One of the areas that I find fascinating about the paper is the emphasis on multi-agent communication. How does an agent decide it needs to collaborate with other agents? Which messaging protocols have been effective in this area?
In our framework, the communication between different agents is controlled using a carefully designed “controller agent”. Unlike previous multi-agent frameworks that generally use hard-coded rules (fixed or random) to decide the order of agents to act, we use a “controller agent” to dynamically decide which agent should act based on the environment, dialogue history, and each agents’ goal. This allows LLM agents to “cleverly” decide when to act and interact with other LLM agents.
🛠 AI Work
What is your favorite area of research outside of generative AI?
AI For Science. I believe the power of AI can help advance other disciplines.
What are some major research breakthroughs that you think can unlock the true value of AI agent solutions?
I think prompt optimization methods (Large Language Models as Optimizers) are very promising because it allows agents to evolve without having to be re-trained.
What is the biggest challenge that can cause agent models to fail as an automation paradigm?
I think controllability and consistency issues can be the biggest challenge, that’s why we design the “symbolic control with SOP” paradigm.
Your work seems to strongly support open-source distribution models. How do you perceive the balance between open source and closed foundation models? Who ultimately prevails in the end?
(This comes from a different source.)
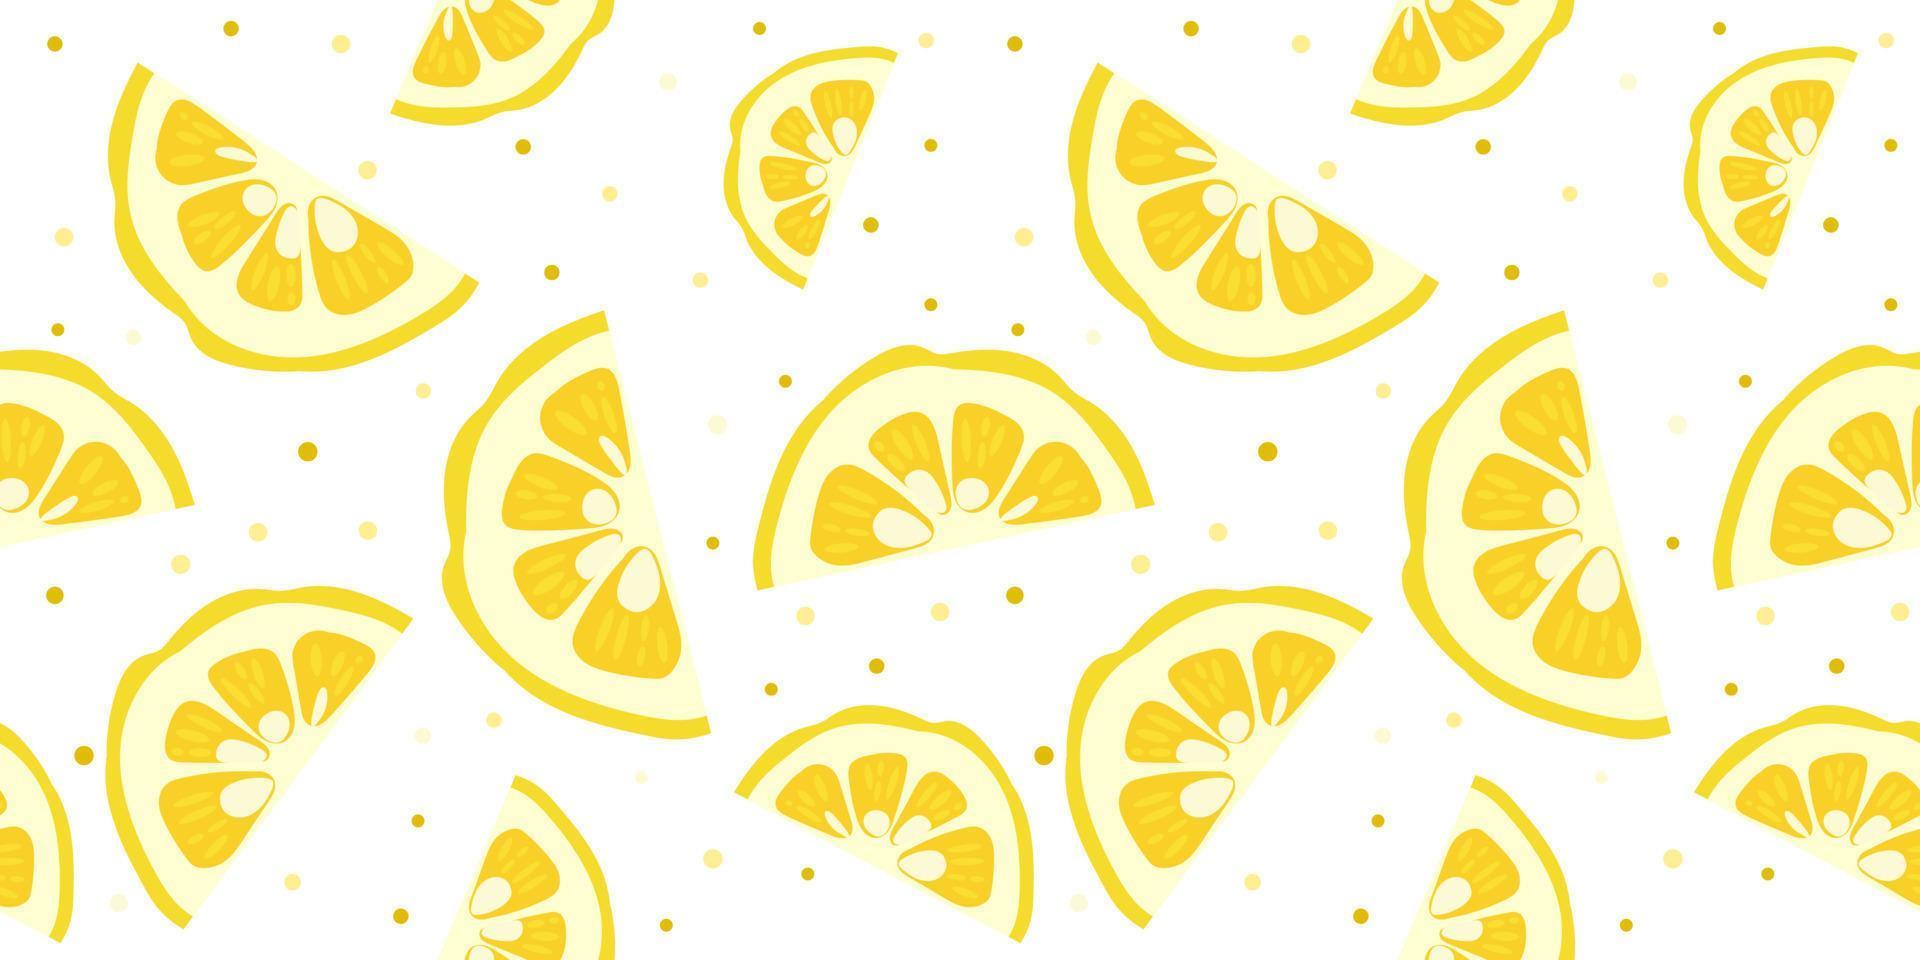 Yuzu japanese citron fruit seamless pattern vector illustration isolated on white background.

Currently AIWaves Agents supports open-source models. However, the cost of deploying open-source models is too high for most developers and users, which makes calling OpenAI or Google’s APIs become the de facto choice. I think this situation is not solely related to whether the model is open-sourced or not, but more relevant to if some company serves the model in a centralized way so users can call their APIs easily. Companies can also serve open-sourced models and make profit. I therefore believe we should have open-source models served in a centralized way by tech companies. Normal users can directly call the APIs and advanced users can deploy the same model on their own computational resources.